In the same year, Massachusetts General Hospital reported the development of a convolutional neural network based on a huge collection of chest radiographs to detect persons at high risk of death from any cause, including heart disease and cancer.

The identification of wrist fractures, breast cancer that has spread, and cataracts in youngsters has improved thanks to pattern recognition utilizing deep neural networks.

Although the accuracy of deep learning findings varies by field of health and kind of damage or sickness, the number of applications is growing to the point where smartphone apps with integrated AI are already in limited usage.

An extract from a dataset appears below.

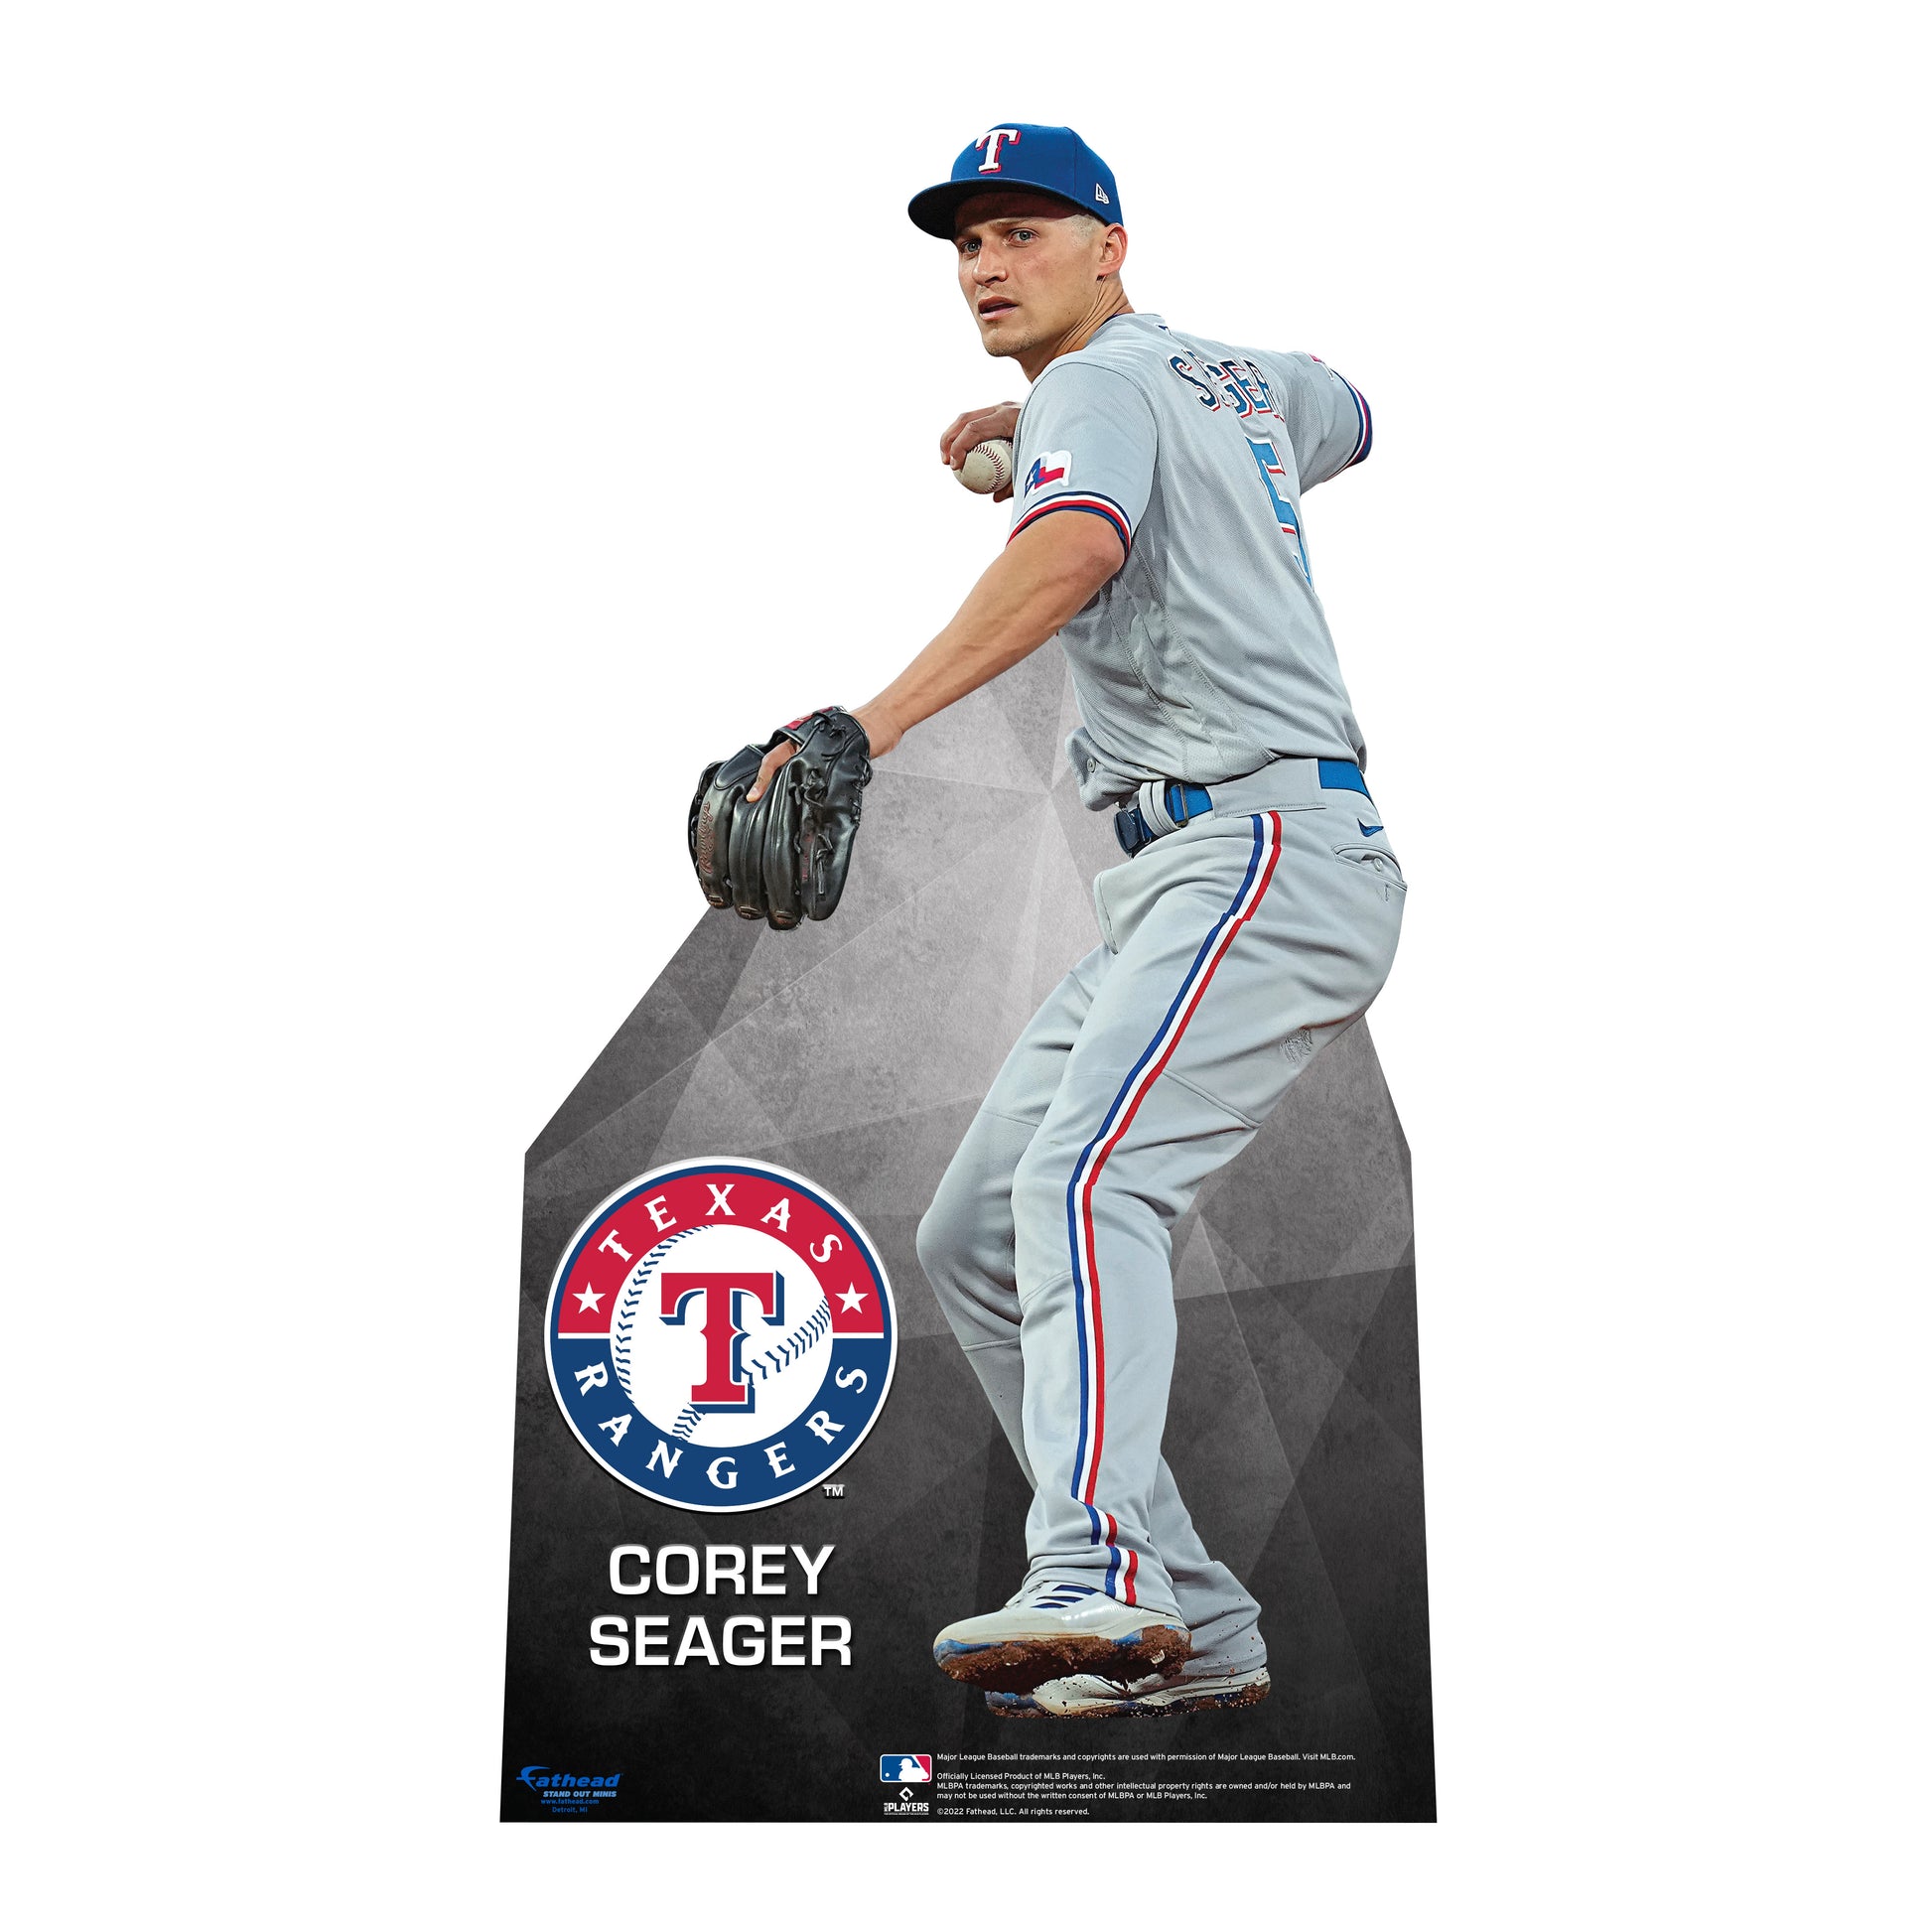 Texas Seager (Corey Seager) Texas Rangers - 1/1 Original on Wood

Deep learning approaches are projected to be used in the future to help with in-vitro fertilization embryo selection, mental health diagnosis, cancer categorization, and weaning patients off of ventilator support.



~ Jai Krishna Ponnappan

You may also want to read more about Artificial Intelligence here.


See also: 


Automated Multiphasic Health Testing; Clinical Decision Support Systems; Expert Systems; INTERNIST-I and QMR.


Further Reading


Berg, Marc. 1997. Rationalizing Medical Work: Decision Support Techniques and Medical Practices. Cambridge, MA: MIT Press.

Bouhaddou, Omar, and Homer R. Warner, Jr. 1995. “An Interactive Patient Information and Education System (Medical HouseCall) Based on a Physician Expert System (Iliad).” Medinfo 8, pt. 2: 1181–85.

Cahlin, Michael. 1994. “Doc on a Disc: Diagnosing Home Medical Software.” PC Novice, July 1994: 53–56.

Engle, Ralph L., Jr. 1992. “Attempts to Use Computers as Diagnostic Aids in Medical Decision Making: A Thirty-Year Experience.” Perspectives in Biology and Medicine 35, no. 2 (Winter): 207–19.

Lipkin, Martin, and James D. Hardy. 1957. “Differential Diagnosis of Hematologic Diseases Aided by Mechanical Correlation of Data.” Science 125 (March 22): 551–52.

Miller, Perry L. 1983. “Critiquing Anesthetic Management: The ‘ATTENDING’ Computer System.” Anesthesiology 58, no. 4 (April): 362–69.

Miller, Perry L. 1984. “Critiquing: A Different Approach to Expert Computer Advice in Medicine.” In Proceedings of the Annual Symposium on Computer Applications in Medical Care, vol. 8, edited by Gerald S. Cohen, 17–23. Piscataway, NJ: IEEE Computer Society.

Miller, Randolph A., and Fred E. Masarie, Jr. 1990. “The Demise of the Greek Oracle Model for Medical Diagnosis Systems.” Methods of Information in Medicine 29, no. 1 (January): 1–2.

Nash, F. A. 1960. “Diagnostic Reasoning and the Logoscope.” Lancet 276, no. 7166 (December 31): 1442–46.

Pauker, Stephen G., and Jerome P. Kassirer. 1987. “Decision Analysis.” New England Journal of Medicine 316, no. 5 (January): 250–58.

Topol, Eric J. 2019. “High-Performance Medicine: The Convergence of Human and Artificial Intelligence.” Nature Medicine 25, no. 1 (January): 44–56.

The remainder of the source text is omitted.